We now give a general statement of the d-separation property (Pearl, 1988) for directed graphs. Consider a general directed graph in which $ A $, $ B $, and $ C $ are arbitrary non-intersecting sets of nodes (whose union may be smaller than the complete set of nodes in the graph). We wish to ascertain whether a particular conditional independence statement $ A \perp\!\!\!\perp B | C $ is implied by a given directed acyclic graph. 

To do so, we consider all possible paths from any node in $ A $ to any node in $ B $. Any such path is said to be blocked if it includes a node such that either:

1. The arrows on the path meet either head-to-tail or tail-to-tail at the node, and the node is in the set $ C $, or
2. The arrows meet head-to-head at the node, and neither the node, nor any of its descendants, is in the set $ C $.

If all paths are blocked, then $ A $ is said to be d-separated from $ B $ by $ C $, and the joint distribution over all of the variables in the graph will satisfy $ A \perp\!\!\!\perp B | C $.

The concept of d-separation is illustrated in Fig.22. In graph (a), the path from $ a $ to $ b $ is not blocked by node $ f $ because it is a tail-to-tail node for this path and is not observed, nor is it blocked by node $ e $ because, although the latter is a head-to-head node, it has a descendant $ c $ which is in the conditioning set. Thus the conditional independence statement $ a \perp\!\!\!\perp b | c $ does not follow from this graph. In graph (b), the path from $ a $ to $ b $ is blocked by node $ f $ because this is a tail-to-tail node that is observed, and so the conditional independence property $ a \perp\!\!\!\perp b | f $ will be satisfied by any distribution that factorizes according to this graph. Note that this path is also blocked by node $ e $ because $ e $ is a head-to-head node and neither it nor its descendant are in the conditioning set.

For the purposes of d-separation, parameters such as $ \alpha $ and $ \sigma^2 $ in Fig.5, indicated by small filled circles, behave in the same way as observed nodes. However, there are no marginal distributions associated with such nodes. Consequently, parameter nodes never themselves have parents and so all paths through these nodes will always be tail-to-tail and hence blocked. Consequently, they play no role in d-separation.
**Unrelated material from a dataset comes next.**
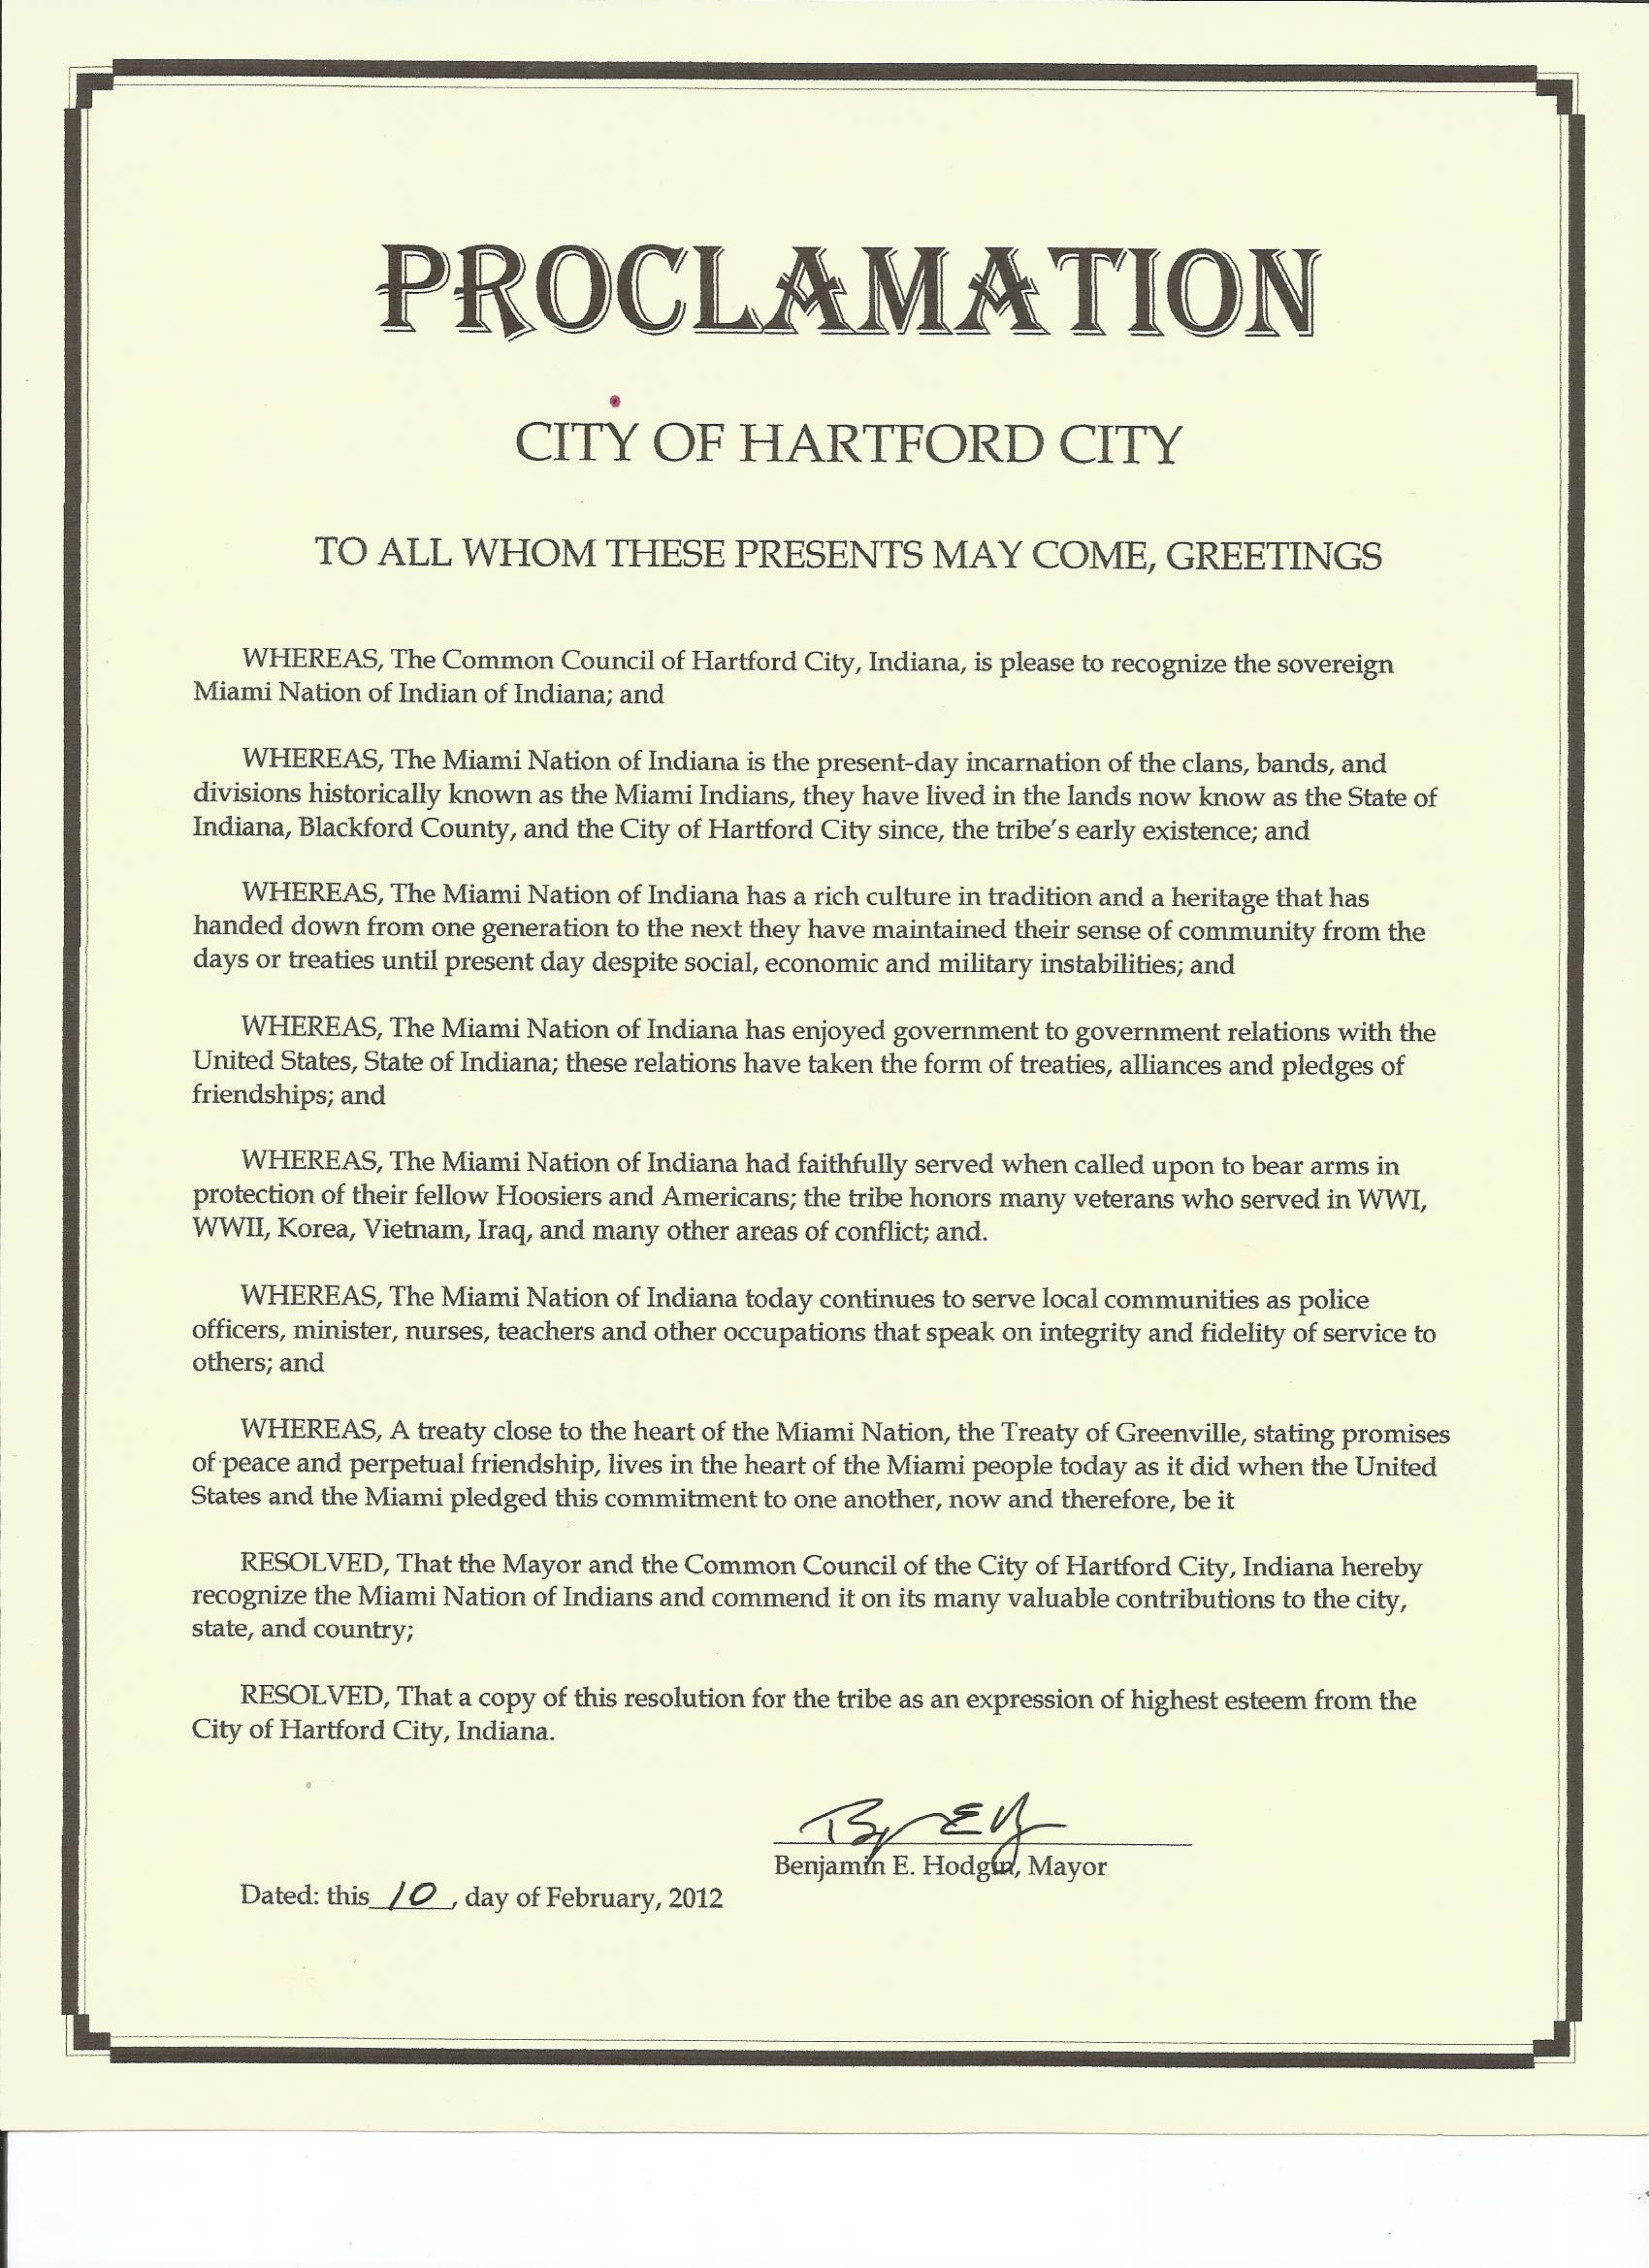 Proclamation City of Hartford City.jpg

### Example: Gaussian Distribution

Another example of conditional independence and d-separation is provided by the concept of i.i.d. (independent identically distributed) data introduced in Section 1.2.4. Consider the problem of finding the posterior distribution for the mean $ \mu $ of a univariate Gaussian distribution. This can be represented by the directed graph shown in Fig.23 in which the joint distribution is defined by a prior $ p(\mu) $ together with a set of conditional distributions $ p(x_n | \mu) $ for $ n = 1, \ldots, N $.

In practice, we observe $ D = \{x_1, \ldots, x_N\} $ and our goal is to infer $ \mu $. Suppose, for a moment, that we condition on $ \mu $ and consider the joint distribution of the observations. Using d-separation, we note that there is a unique path from any $ x_i $ to any other $ x_j \neq i $ and that this path is tail-to-tail with respect to the observed node $ \mu $. Every such path is blocked and so the observations $ D = \{x_1, \ldots, x_N\} $ are independent given $ \mu $, so that

$$
\prod_{n=1}^N p(x_n | \mu) = p(D | \mu)
$$

### Example: Naive Bayes Classifier

A related graphical structure arises in an approach to classification called the **naive Bayes** model, in which we use conditional independence assumptions to simplify the model structure. Suppose our observed variable consists of a $ D $-dimensional vector $ x = (x_1, \ldots, x_D)^T $, and we wish to assign observed values of $ x $ to one of $ K $ classes. Using the 1-of-$ K $ encoding scheme, we can represent these classes by a $ K $-dimensional binary vector $ z $. We can then define a generative model by introducing a multinomial prior $ p(z | \mu) $ over the class labels, where the $ k $-th component $ \mu_k $ of $ \mu $ is the prior probability of class $ C_k $, together with a conditional distribution $ p(x | z) $ for the observed vector $ x $.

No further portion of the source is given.